• Extracted information:
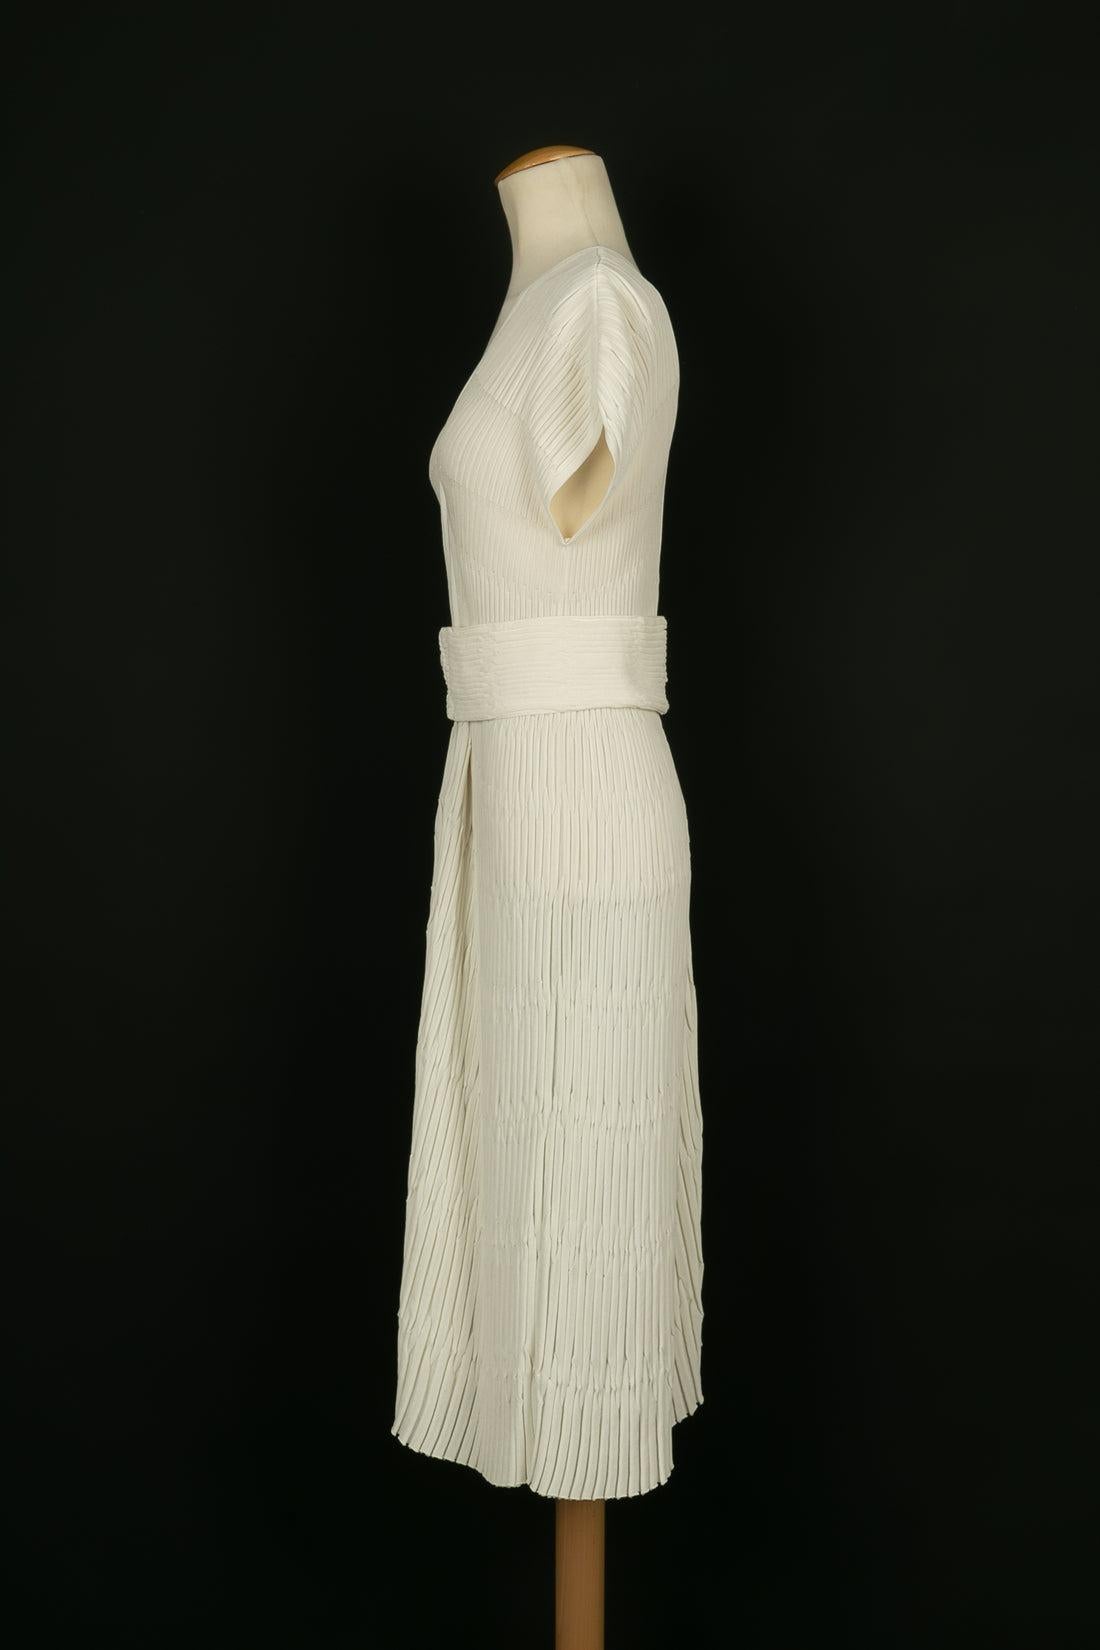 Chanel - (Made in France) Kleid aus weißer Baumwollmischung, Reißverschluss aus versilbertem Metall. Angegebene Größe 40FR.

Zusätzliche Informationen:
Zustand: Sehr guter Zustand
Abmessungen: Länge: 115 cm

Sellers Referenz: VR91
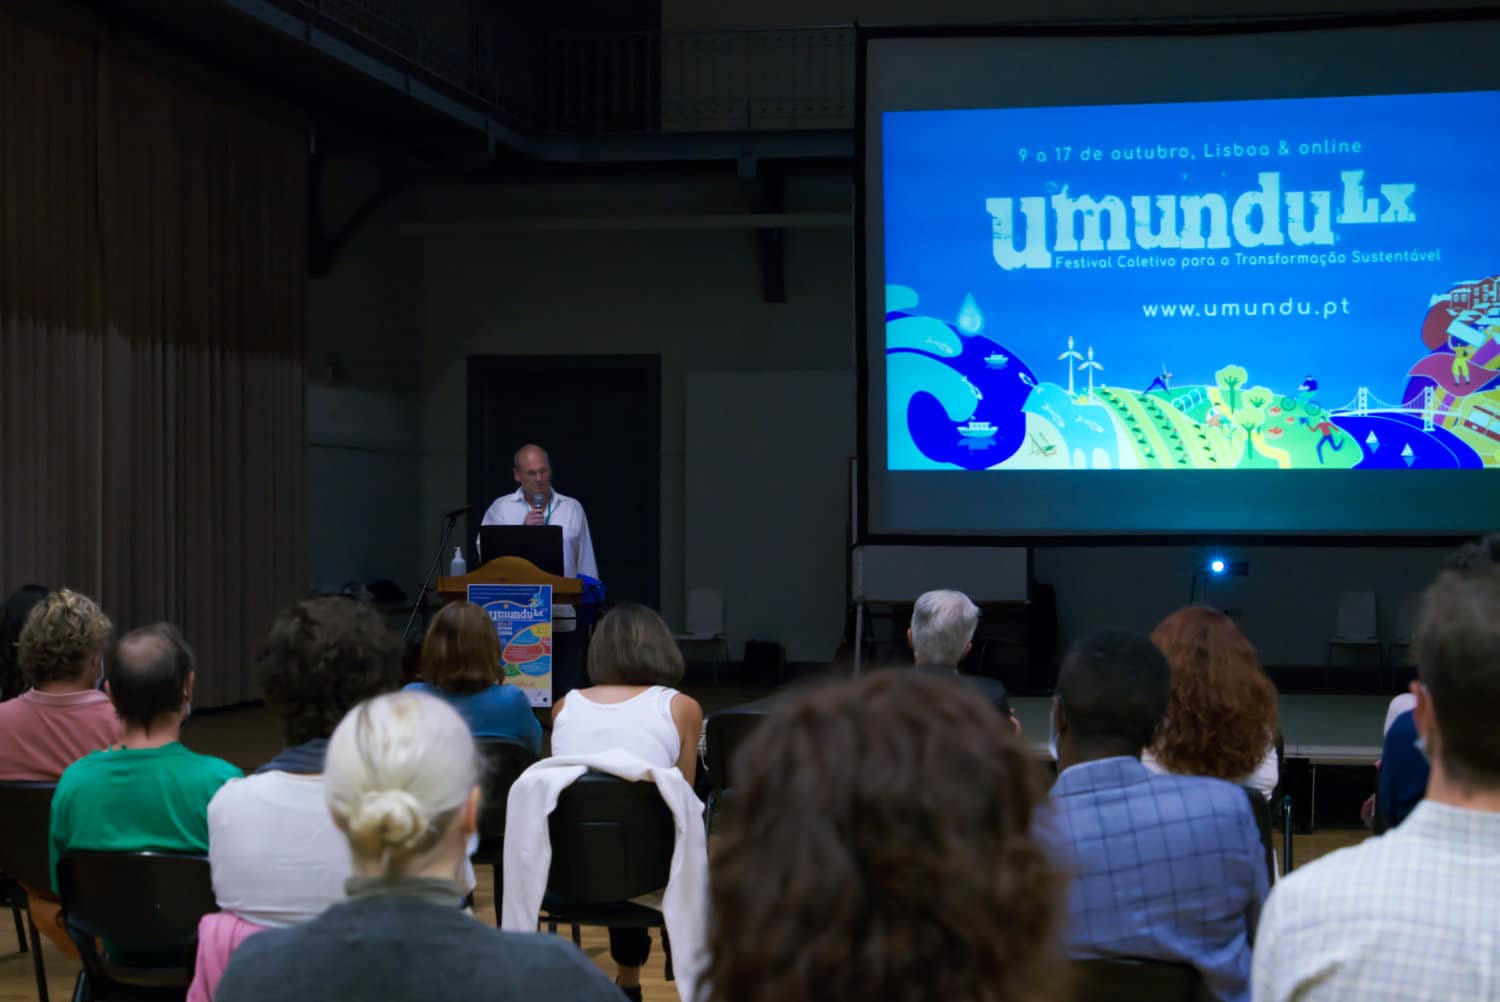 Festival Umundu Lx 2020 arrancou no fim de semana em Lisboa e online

• Work order:
Everything from the first line of the entries through the line containing "Sellers Referenz: VR91" is to be transcribed exactly; the pictures are not.

• Result:
 Chanel - (Made in France) Kleid aus weißer Baumwollmischung, Reißverschluss aus versilbertem Metall. Angegebene Größe 40FR.

Zusätzliche Informationen:
Zustand: Sehr guter Zustand
Abmessungen: Länge: 115 cm

Sellers Referenz: VR91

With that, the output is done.